CURRENT TRADING AND OUTLOOK
The Group has separately announced a Q3 trading update
today.
Whilst Eurowag has navigated with confidence through the
challenging environment, the Board notes that there are elevated
risks and uncertainties with respect to the future of the European
economy, and potential impacts of the sanctions related to imports
of Russian oil introduced by the European Commission.
Notwithstanding these headwinds, following the completion of the
Proposed Acquisition, Eurowag expects to continue to deliver
organic net revenue growth of between high teens and low twenties
per cent over the medium-term. The Proposed Acquisition
significantly increases the revenue contribution to the Group from
the mobility solutions segment, which has lower operational
gearing, but generates naturally more recurring revenues.
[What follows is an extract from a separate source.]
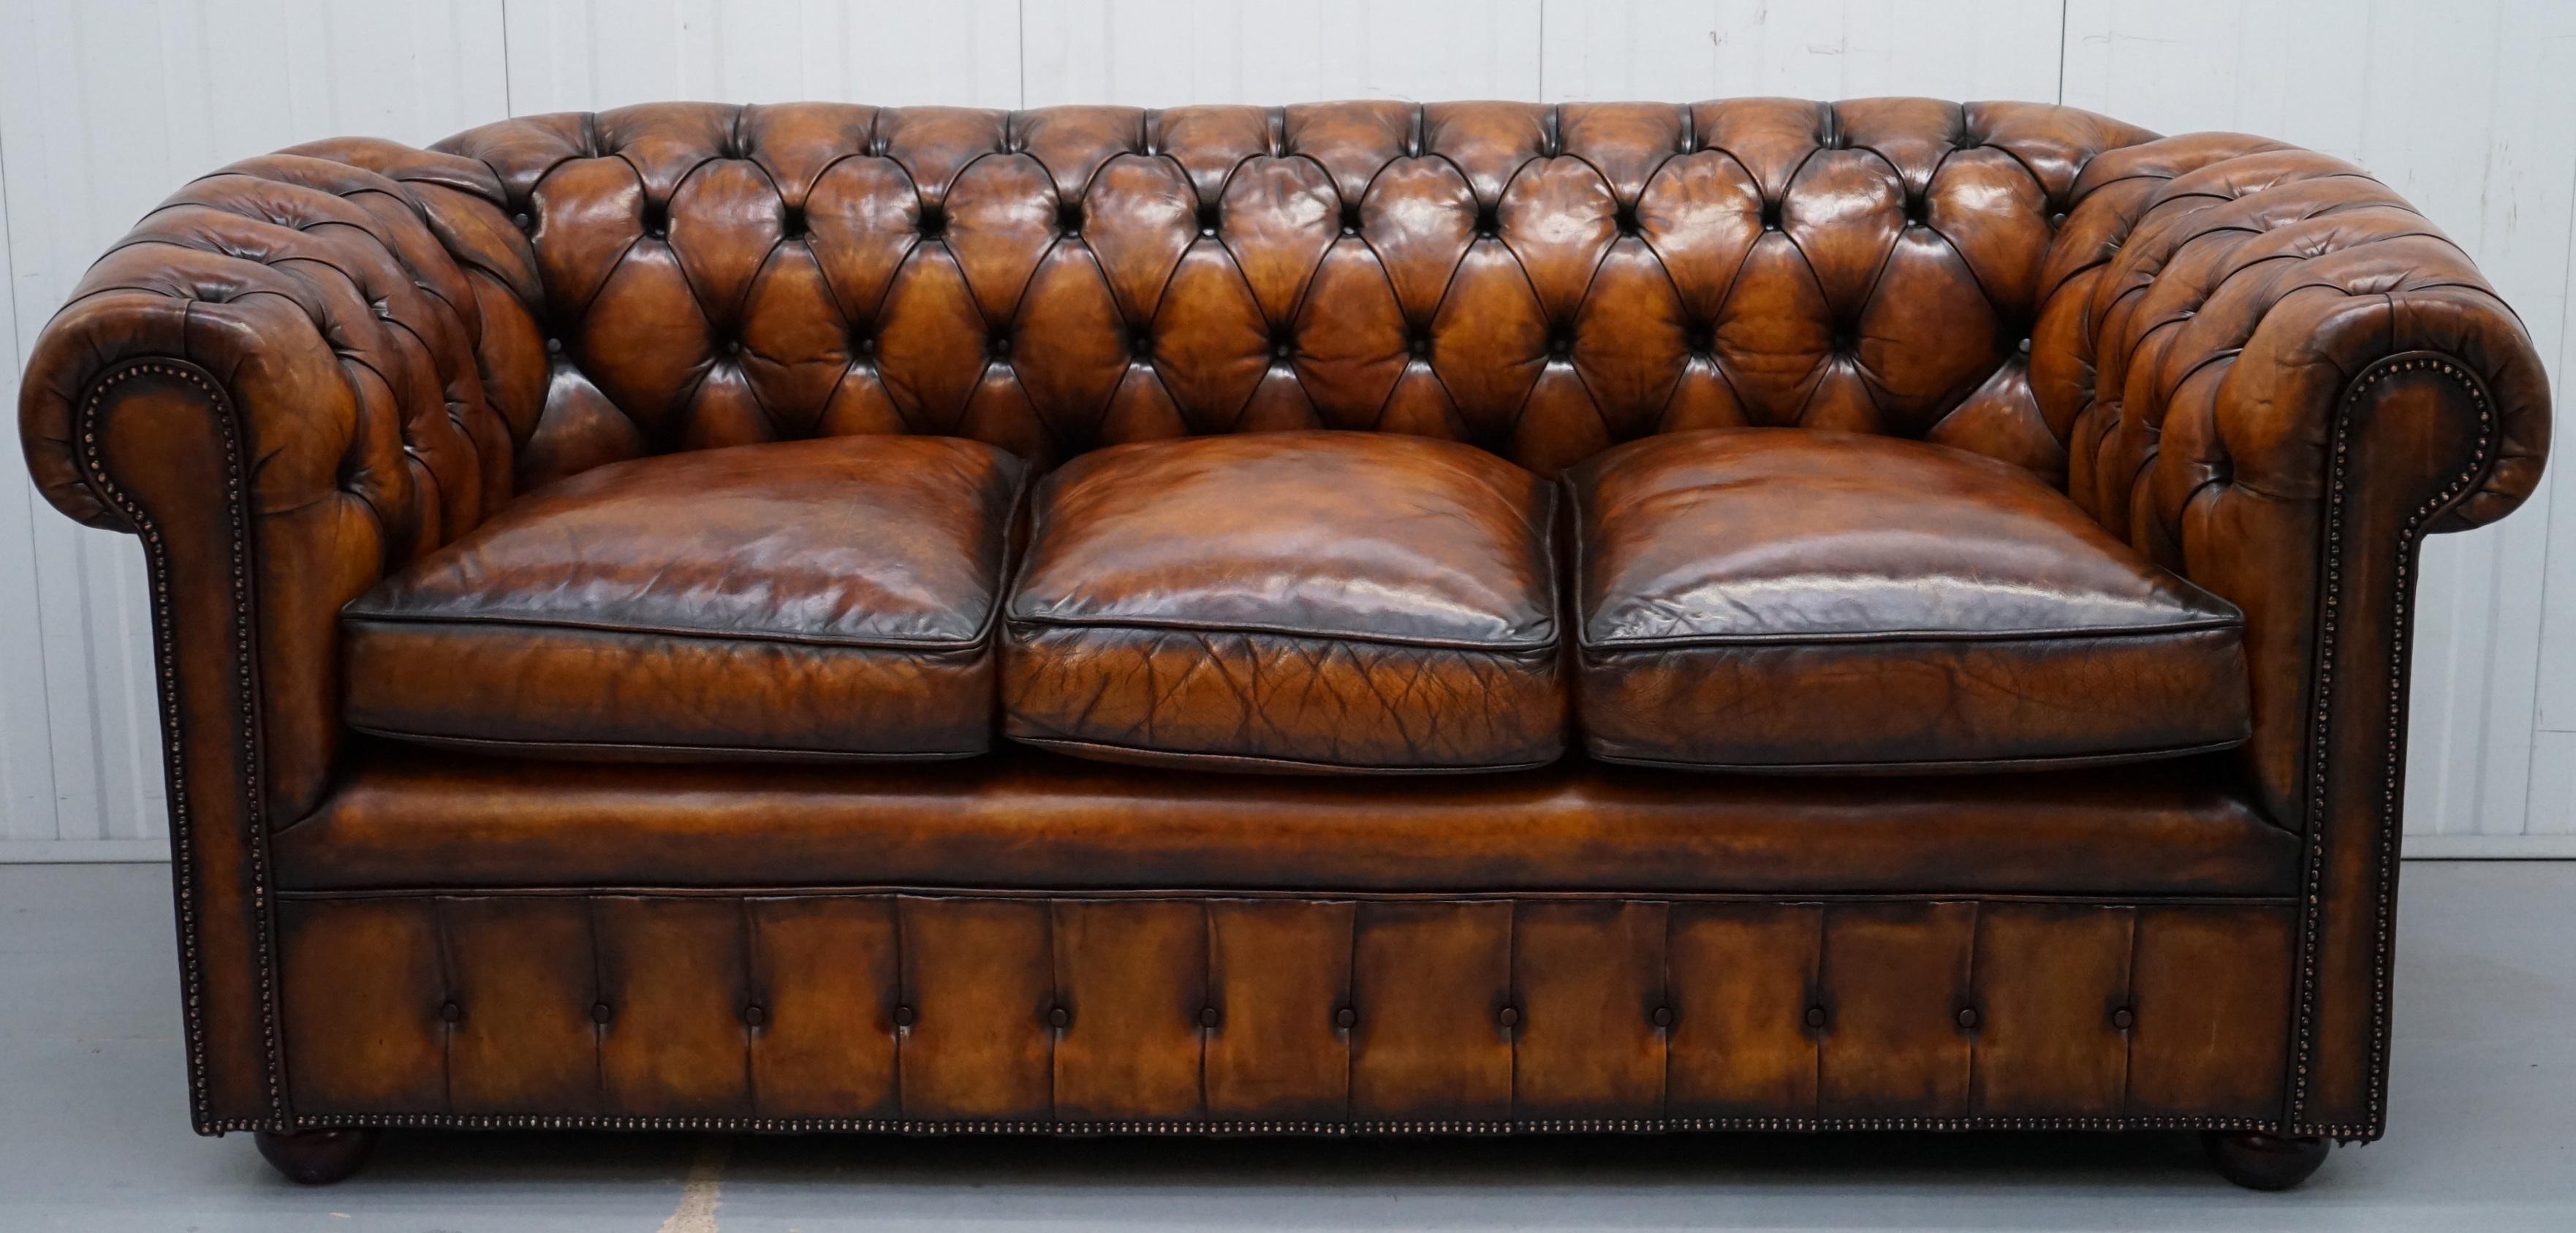 Wir freuen uns, dieses außergewöhnlich seltene originale Chesterfield-Club-Sofa aus den 1930er Jahren in Whisky-braunem Leder in frisch restauriertem Zustand mit federgefüllten Kissen zur Versteigerung anbieten zu können 

Ich habe noch ein

Consequently, the change in the revenue mix may impact the pace of
the margin expansion of mid-forties trending to high-forties per
cent. over the medium-term.
The Group continues to expect transformational capex to be
EUR50m in aggregate for 2022 to 2023 and ordinary capex to be
approximately a high single digit percentage of net revenue over
the medium term. The Group expects to exceed the top end of its
leverage target by around half a turn of adjusted pro-forma EBITDA
on completion of the Proposed Acquisition, and return back to the
leverage target range of 1.5x to 2.5x in the near term.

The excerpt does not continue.